Brad Moses

Personal information
- Full name: Bradley Moses
- Born: 3 April 1983 (age 43) Durban, South Africa
- Batting: Right-handed
- Bowling: Off break

Domestic team information
- 2006/07–2010/11: KwaZulu-Natal Inland
- 2009/10–2010/11: Dolphins
- 2011/12: Easterns
- 2012/13–2013/14: KwaZulu-Natal Inland
- FC debut: 12 October 2006 KwaZulu-Natal Inland v KwaZulu-Natal
- Last FC: 13 March 2014 KZN Inland v Eastern Province
- LA debut: 15 October 2006 KZN Inland v KwaZulu-Natal
- Last LA: 16 December 2013 KZN Inland v Northerns

Career statistics
| Competition | FC | LA | FC |
| Matches | 75 | 52 | 15 |
| Runs scored | 3,791 | 1,070 | 179 |
| Batting average | 32.40 | 28.16 | 14.91 |
| 100s/50s | 6/19 | 1/8 | 0/1 |
| Top score | 119 | 101 | 59 |
| Balls bowled | 1,828 | 931 | 60 |
| Wickets | 20 | 31 | 2 |
| Bowling average | 56.00 | 26.87 | 41.00 |
| 5 wickets in innings | 0 | 0 | 0 |
| 10 wickets in match | 0 | 0 | 0 |
| Best bowling | 2/7 | 4/23 | 1/14 |
| Catches/stumpings | 48/– | 8/– | 4/– |
- Source: CricketArchive, 14 July 2025

= Brad Moses =

South African cricketer (born 1983)

Bradley Moses (born 3 April 1983) is a South African former professional cricketer. Born at Durban, he started his career with KwaZulu-Natal Inland in 2006 and played for Dolphins before joining Easterns for the 2011–12 season. He returned to KwaZulu-Natal Inland for two more seasons, completing his career after playing 75 first-class matches.

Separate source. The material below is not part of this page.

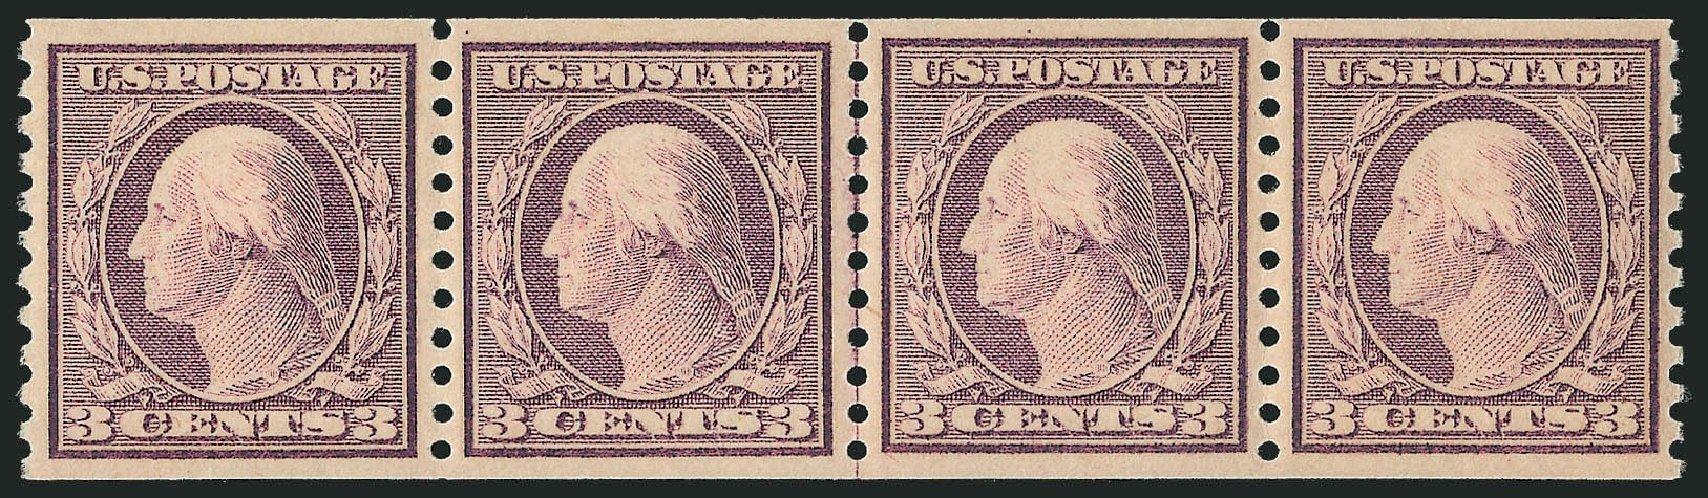 US Stamp Value Scott # 493 - 3c 1917 Washington Coil Perf 10 Vertically. Robert Siegel Auction Galleries, Jun 2012, Sale 1026, Lot 1437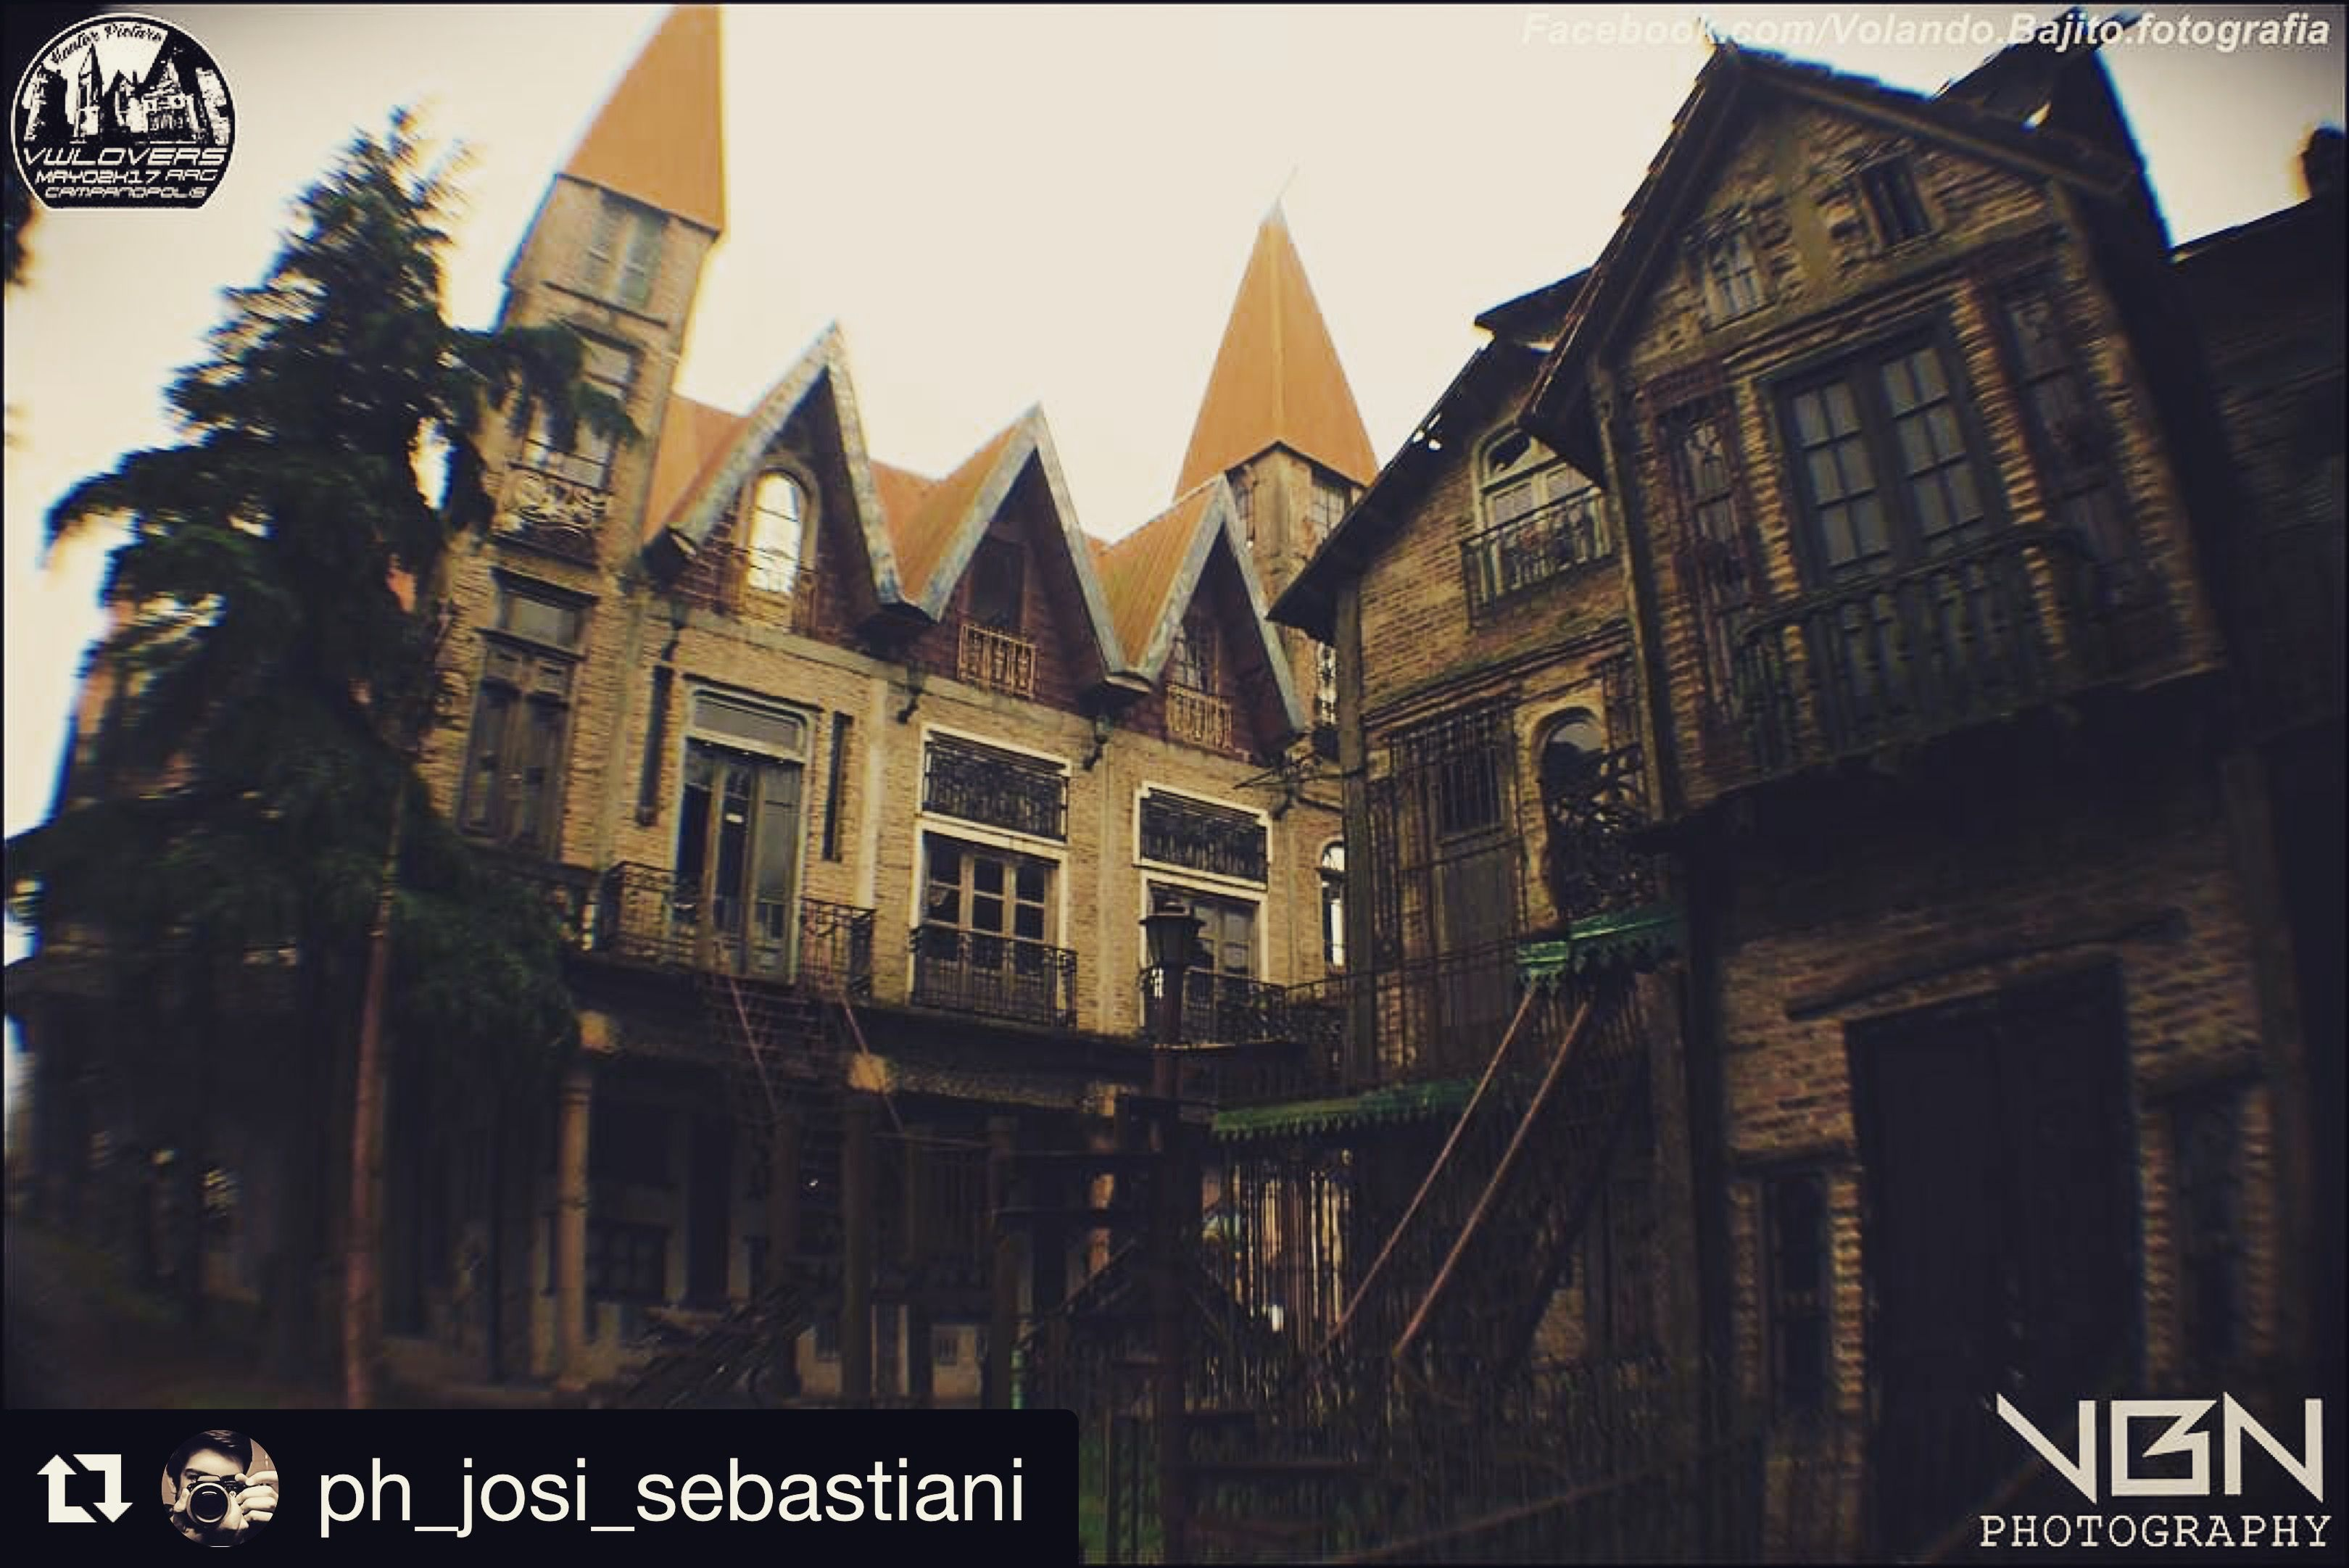 #Repost @ph_josi_sebastiani ・・・ #Medieval #City #Campanopolis Mañana con neblina

Moses also played for several British clubs and in the Netherlands. He played for Harpenden Cricket Club in the Home Counties League, for Radcliffe-on-Trent and for Flitwick. During 2011 he played for VRA Amsterdam and in 2012 for Great Ayton in the North Yorkshire and South Durham Premier League. During the following season he played for Lancashire League team Enfield Cricket Club, the Central Lancashire League's Heywood Cricket Club, and for Kendal Cricket Club in the Northern Premier League. Between 2014 and 2016 he played at Stewart's Melville Royal High in Scotland and in 2016 for Bacup in the Lancashire League.